Data ▸
—————

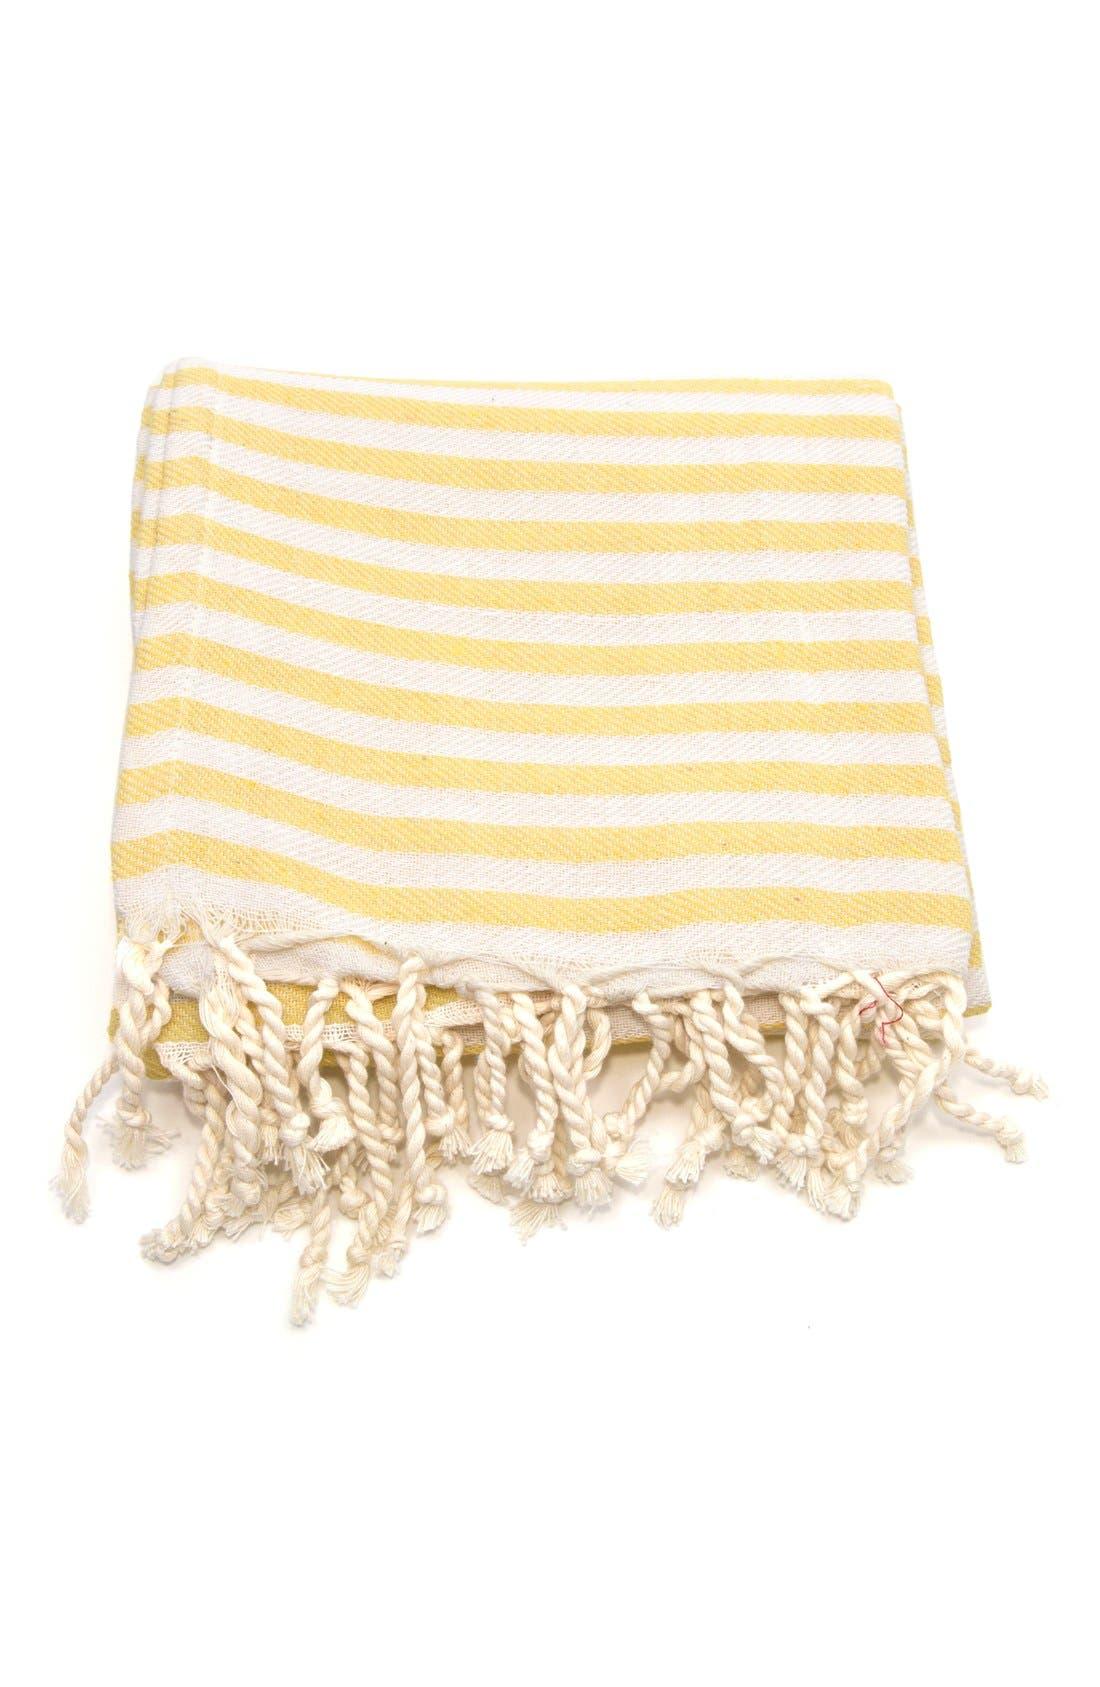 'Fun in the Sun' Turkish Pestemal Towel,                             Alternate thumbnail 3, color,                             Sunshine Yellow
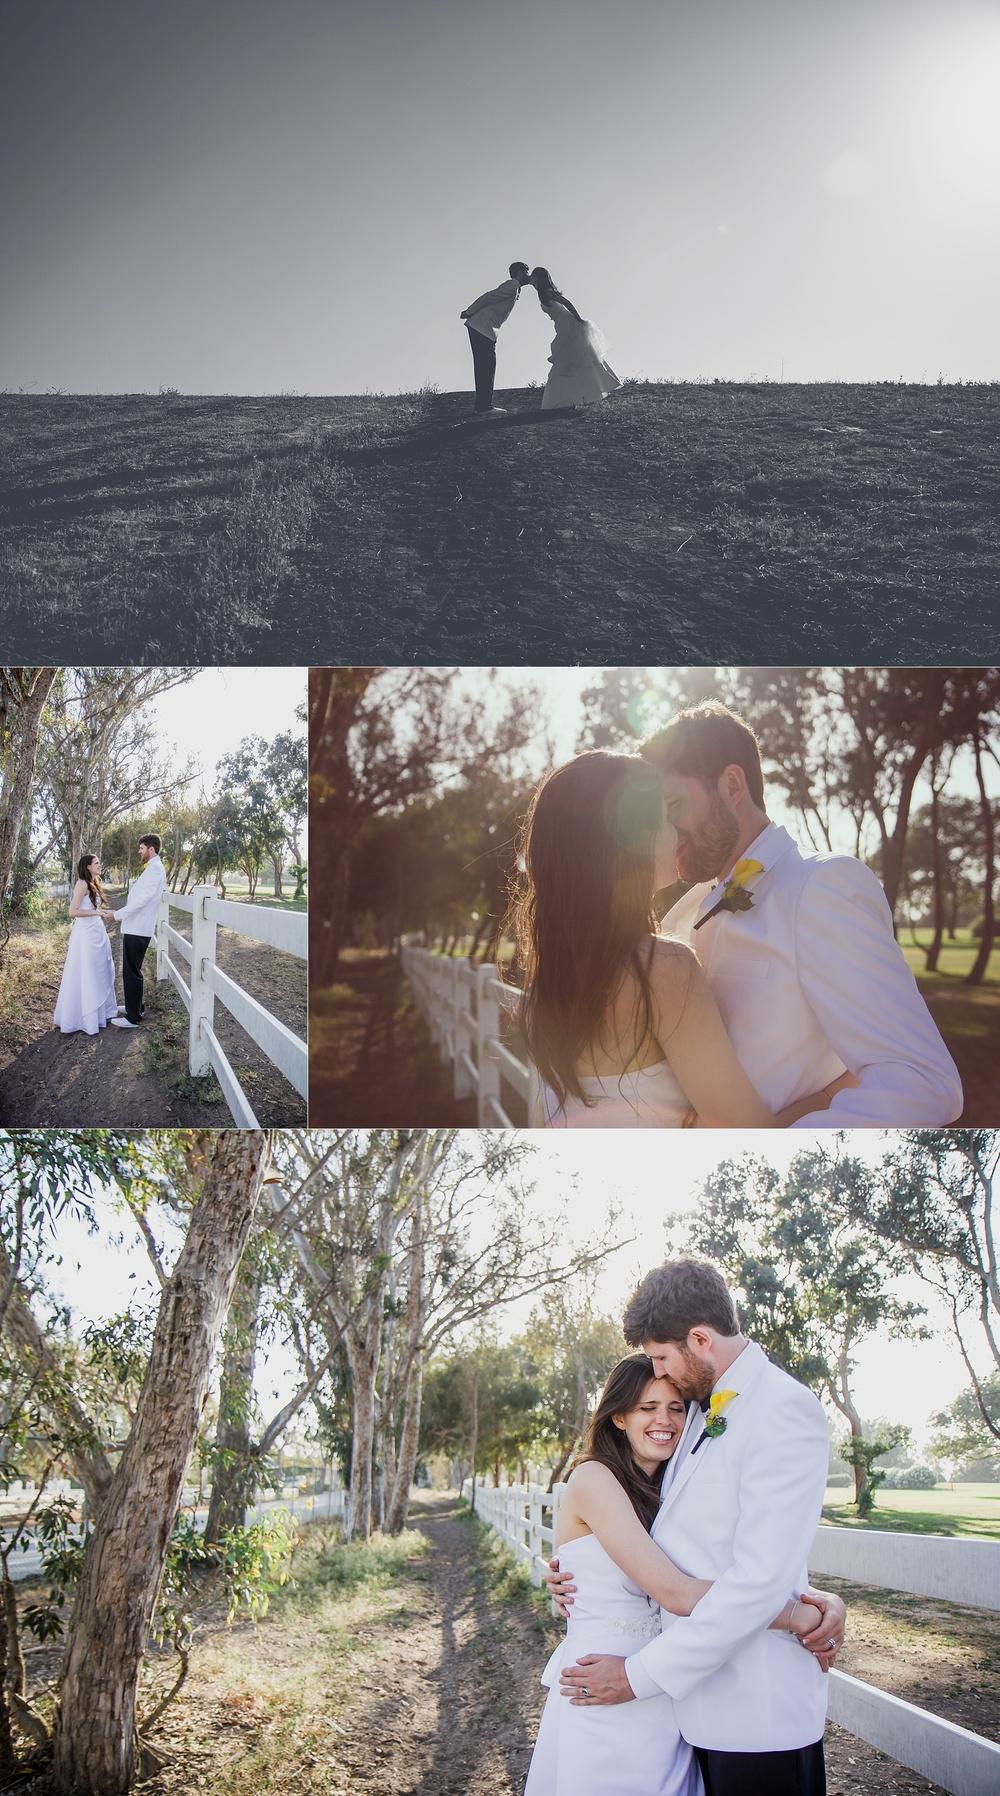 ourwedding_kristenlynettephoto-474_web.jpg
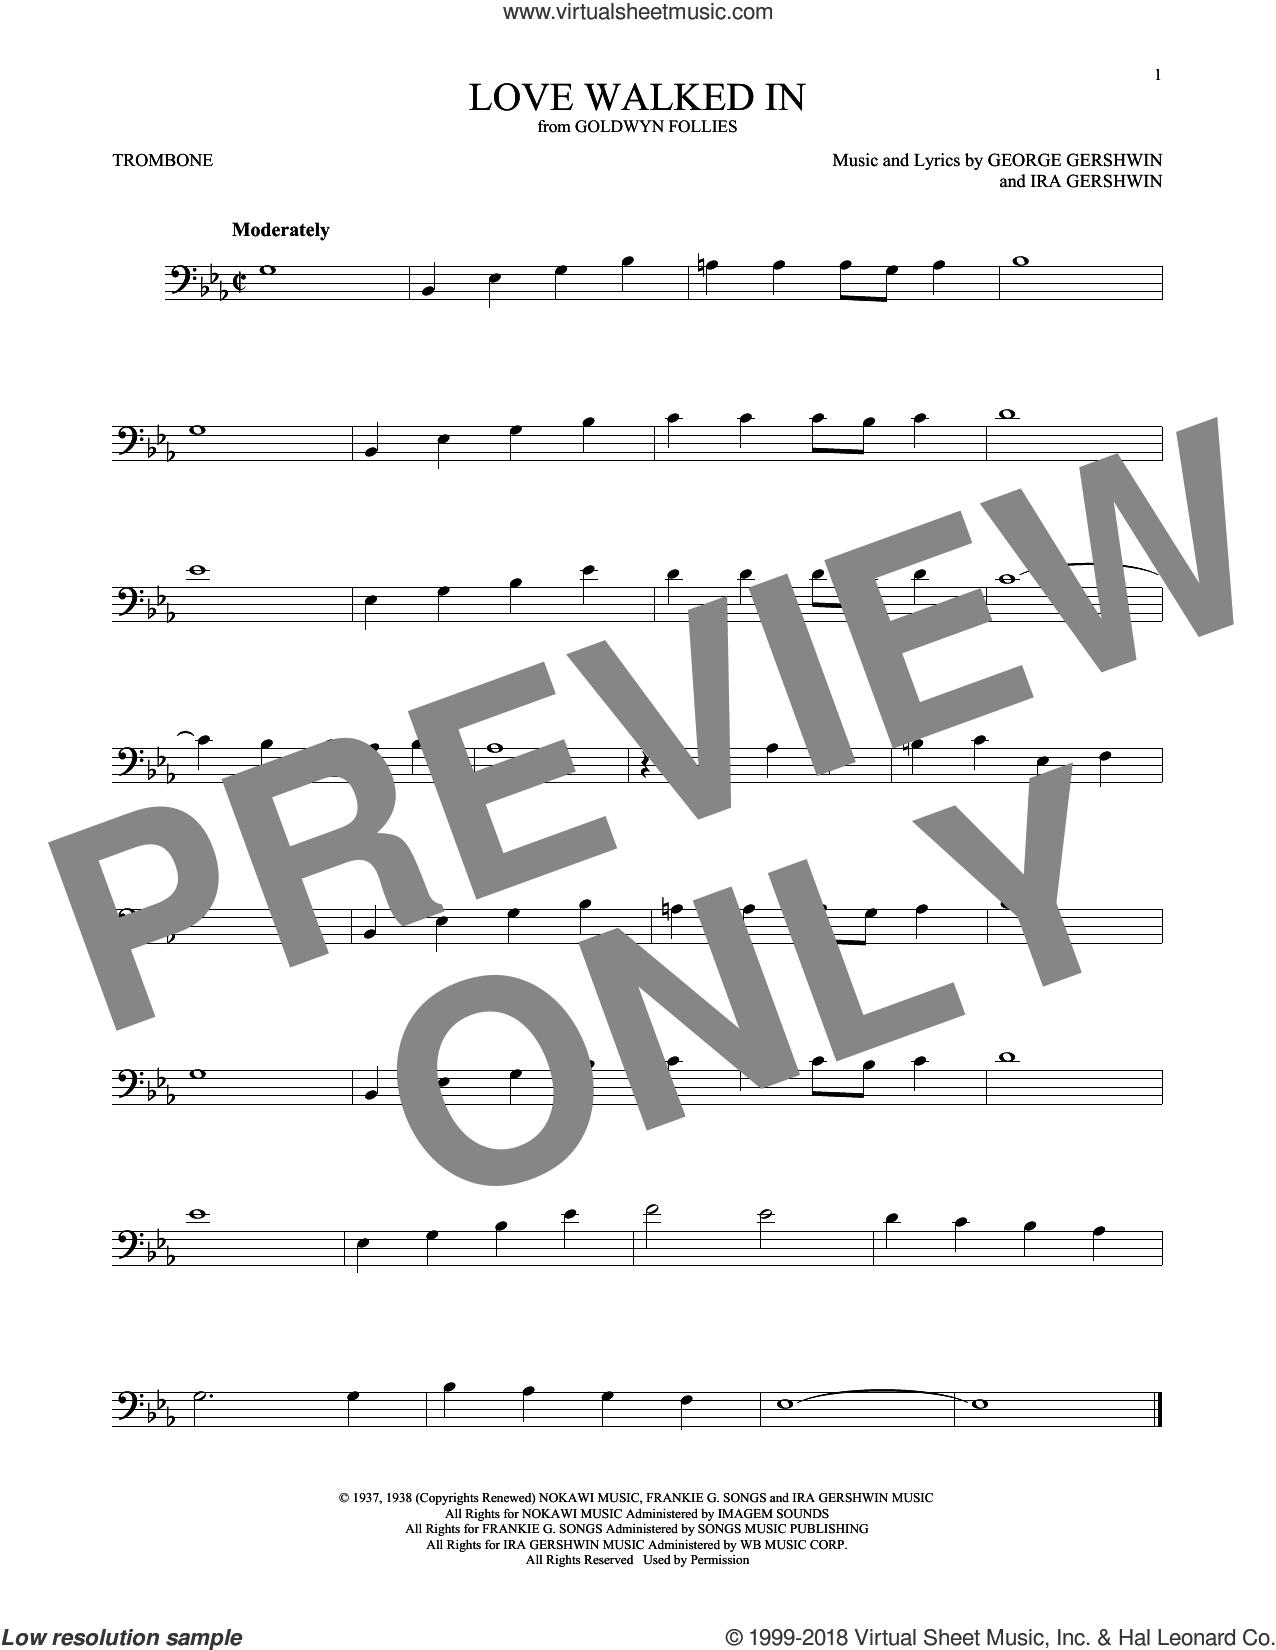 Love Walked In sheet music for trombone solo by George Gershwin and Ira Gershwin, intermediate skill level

—————

Task directions ▸
Please keep every line of the data the same when you reproduce it, and keep every picture out.

Task answer ▸
 'Fun in the Sun' Turkish Pestemal Towel,                             Alternate thumbnail 3, color,                             Sunshine Yellow
 ourwedding_kristenlynettephoto-474_web.jpg
 Love Walked In sheet music for trombone solo by George Gershwin and Ira Gershwin, intermediate skill level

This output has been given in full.